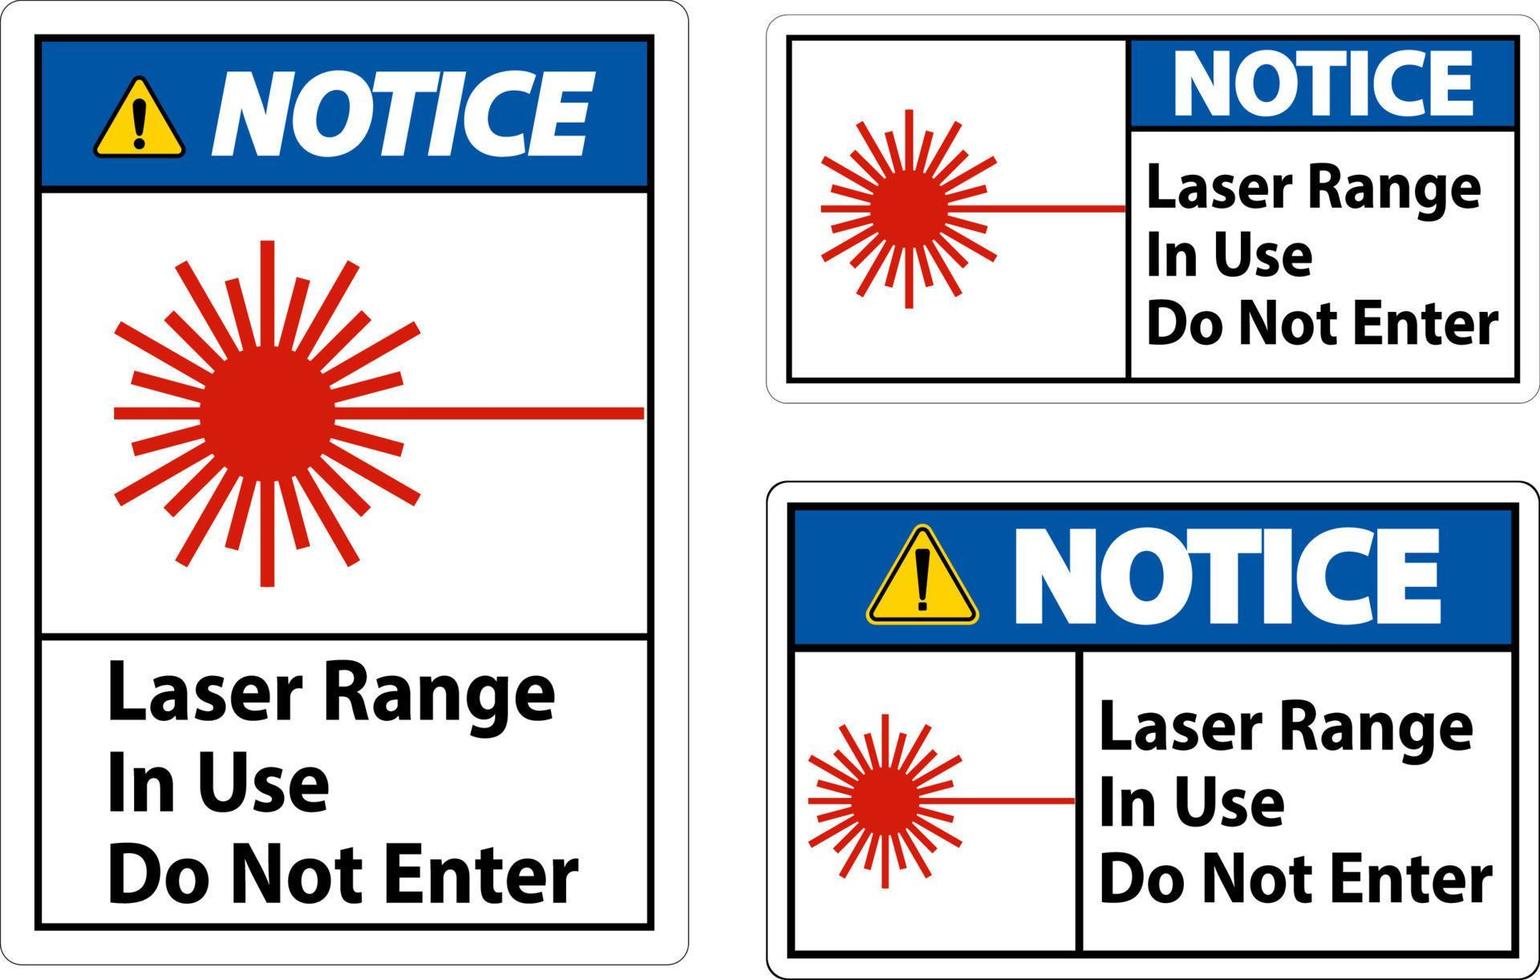 Avviso laser gamma nel uso fare non accedere cartello vettore
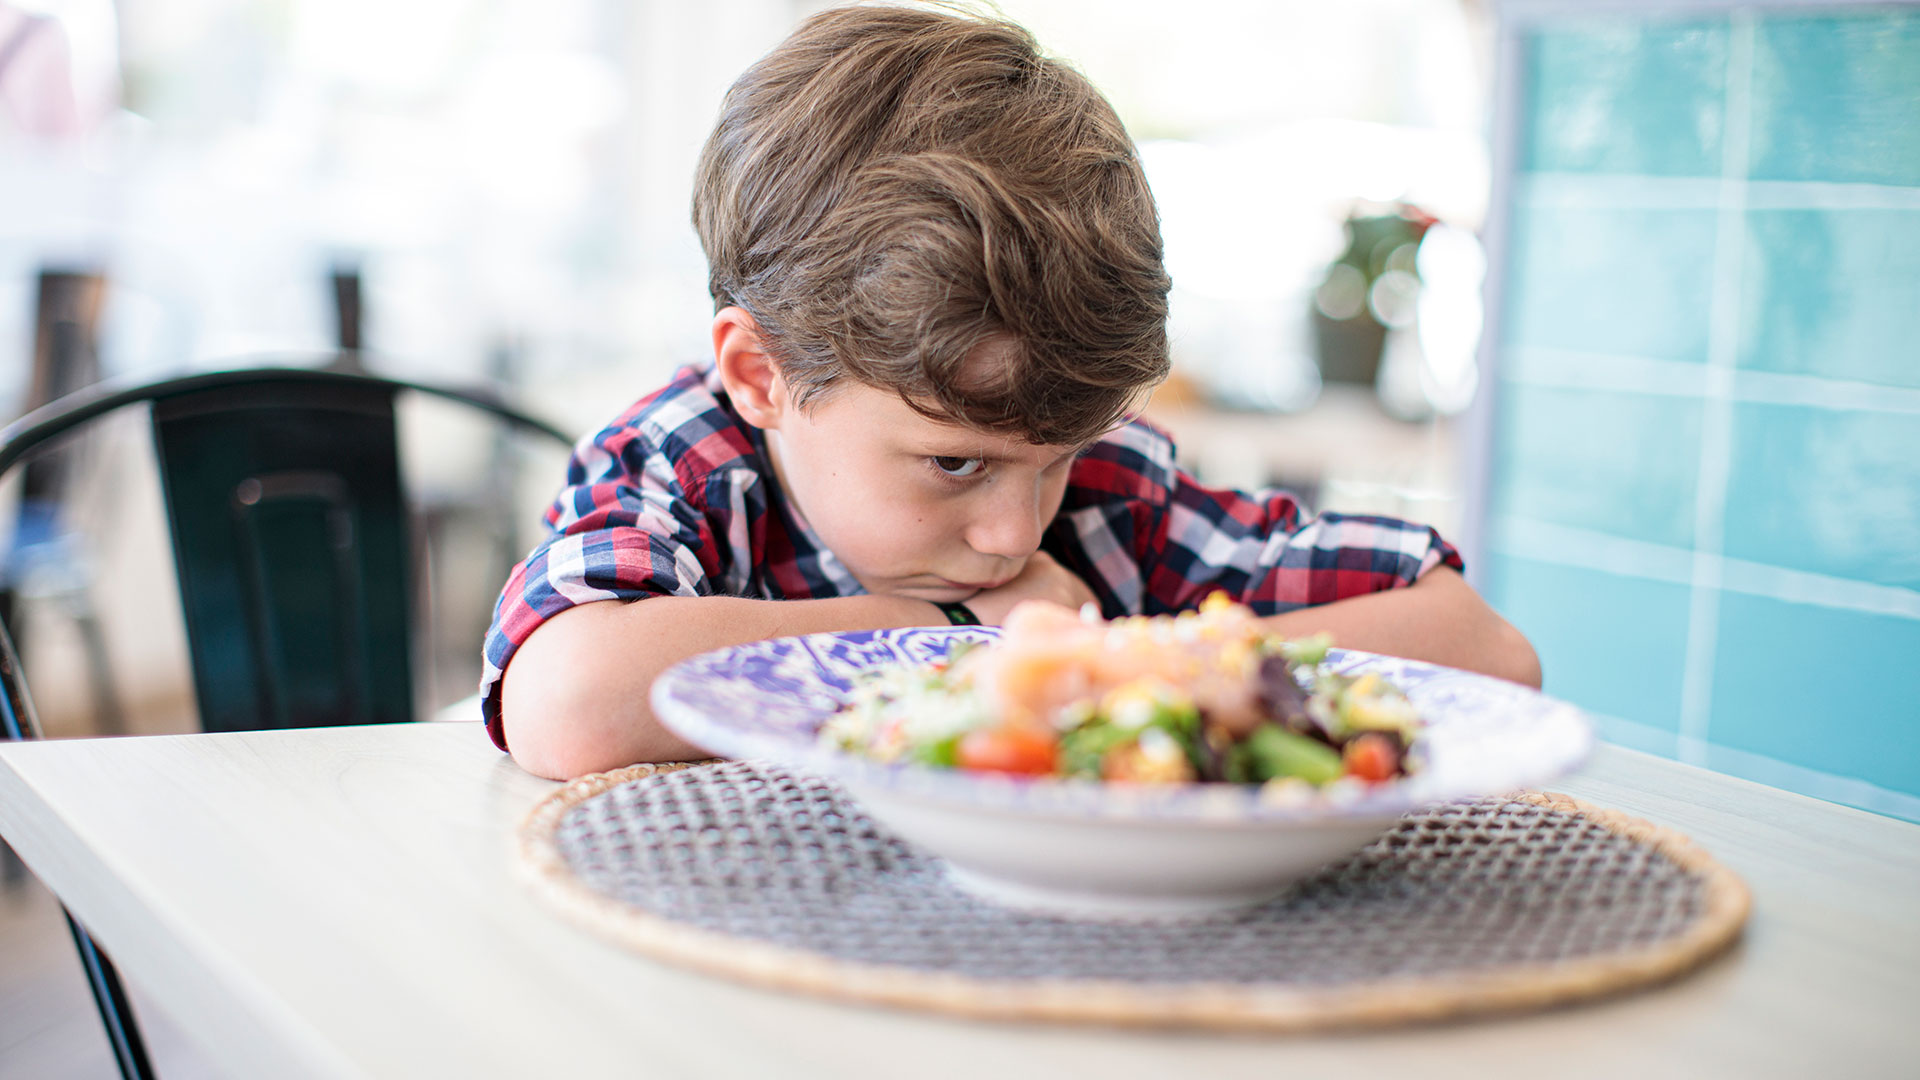 Estudios recientes aseguran que una dieta más nutritiva, rica en frutas y verduras se asociaron con un mejor bienestar mental en los niños (Getty)
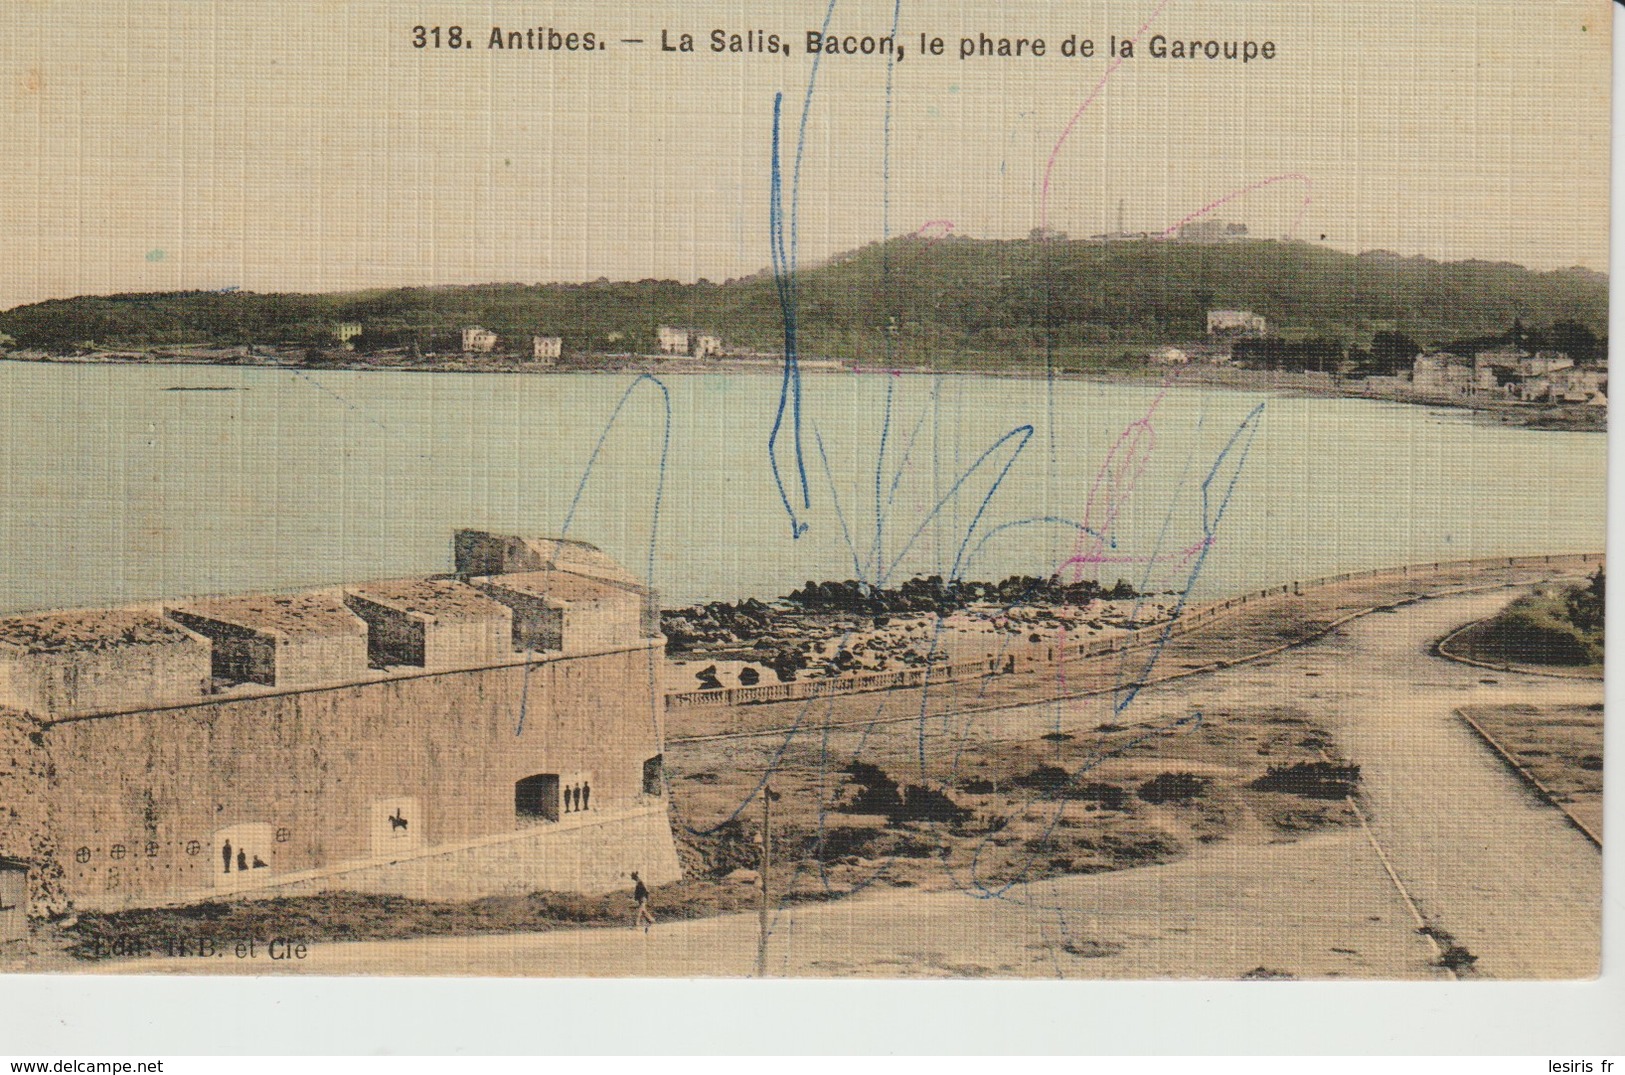 C.P.A. - ANTIBES - LA SALIS - BACON - LE PHARE DE LA GAROUPE - 318 - H. B. - Antibes - Old Town
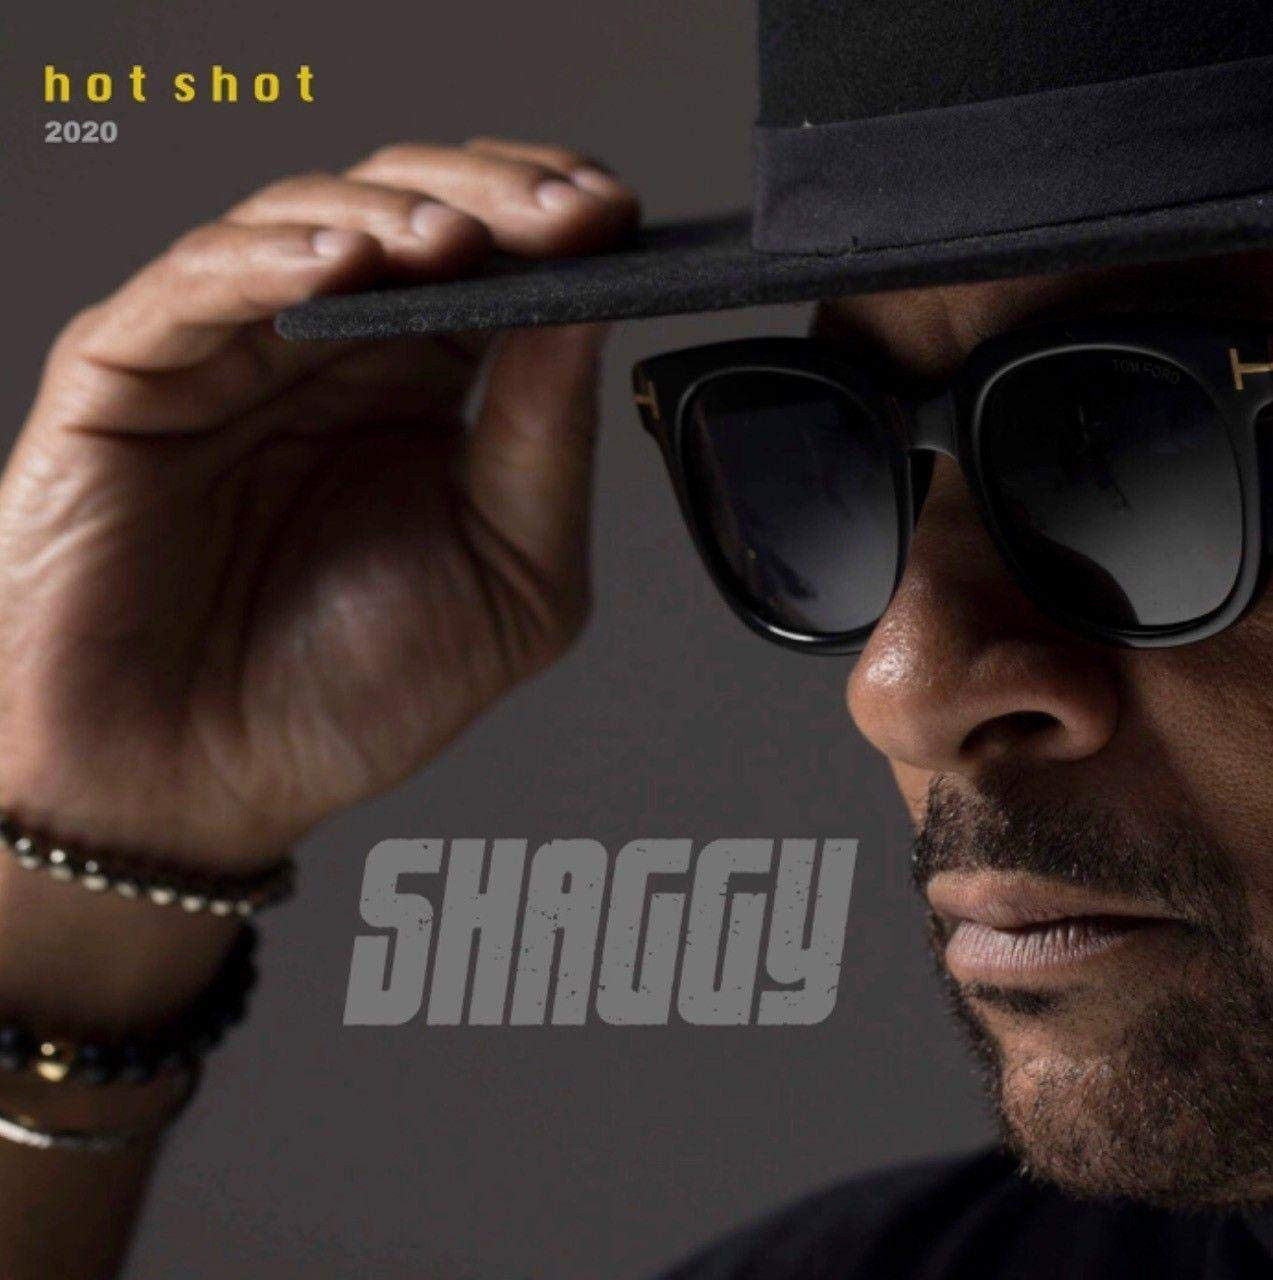 Hot Shot 2020 - Shaggy

☆ ☆ ☆

Print every line above exactly as given, but not the pictures.

Your solution
 Avviso laser gamma nel uso fare non accedere cartello vettore
 Estudios recientes aseguran que una dieta más nutritiva, rica en frutas y verduras se asociaron con un mejor bienestar mental en los niños (Getty)
 C.P.A. - ANTIBES - LA SALIS - BACON - LE PHARE DE LA GAROUPE - 318 - H. B. - Antibes - Old Town
 Hot Shot 2020 - Shaggy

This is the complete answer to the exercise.